Obolon (Оболонь, /uk/) is a historical locality which includes a residential area (masyv), along with an industrial park within Ukraine's capital Kyiv that is located on its northern side, in an eponymous city district - the Obolonskyi District (until 2001 - Minskyi District).

In Ukrainian language the word obolon (оболонь) means a 'low country near a river' (floodplain) or 'flood-meadows' (заплавні луки).

As Obolon's land regularly used to flood by the Dnieper river there were Kyiv city's pasture and haymakings.

== Geography ==
The suburb is located in the South of the Polisian Lowland, in the northern part of Kyiv city's area.
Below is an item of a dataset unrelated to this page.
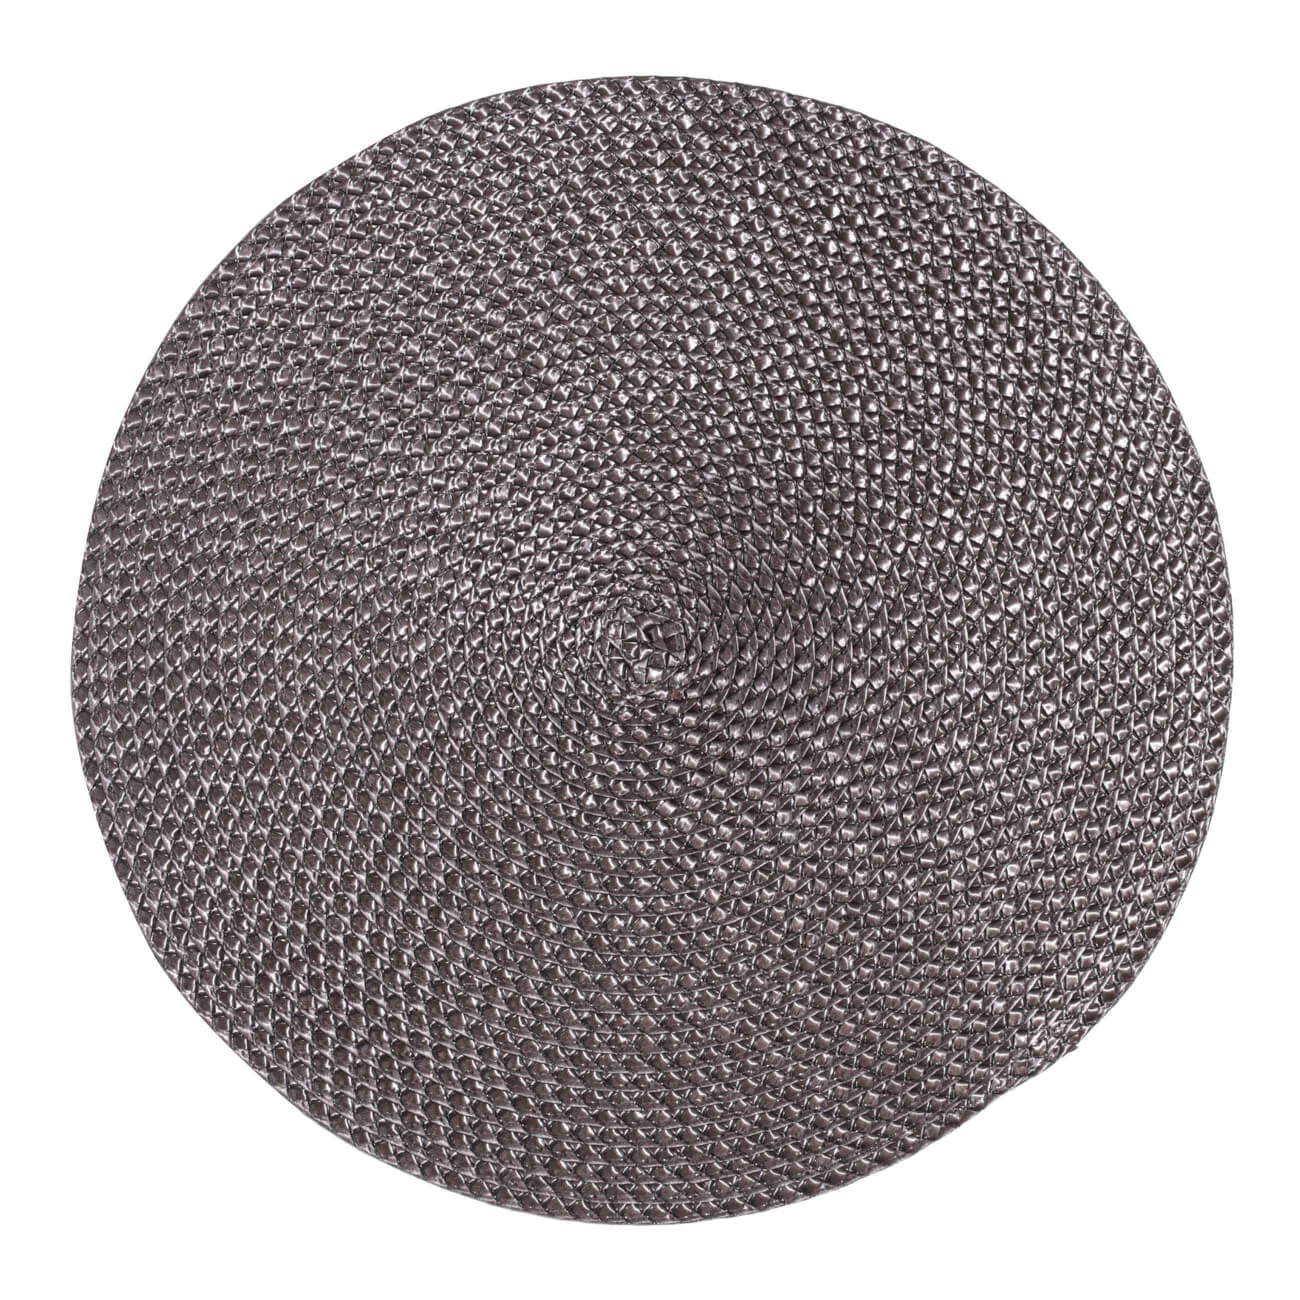 Салфетка под приборы, 38 см, полипропилен/ПЭТ, круглая, коричневая, Circle braid салфетка микрофибра ladina

The Dnipro, its bays, small rivers, ponds and lakes around Obolon were used as sources of sand for the height elevation for the further building construction, using the hydraulic fill technology. Thus the Obolon landscape was significantly changed by people.

Obolon is isolated from other parts Kyiv city by the Dnipro river with its bays and a group of lakes.

It borders the Opechen lakes system in the west, which was supposedly created on the place where the legendary Pochaina River used to be. In 2016 some historians revealed that the river continues to exist and is located in the vicinity of mentioned system of lakes. The east boundary of the suburb is the Dnipro with its bays: the Sobache hyrlo (Dog's river mouth) and the Obolon bay (the former names the Starytsa, that can be translated as a former riverbed, or the Bratsky Staryk). There are Redkyne Lake (Ministerka) and the Verbliud (Camel) bay in the north of Obolon, which was created by the size expansion of Lukove Lake (Ulukovo) when soil from it was being taken. Verbne Lake (Willow) and the Vovkuvata bay are in the south of the suburb.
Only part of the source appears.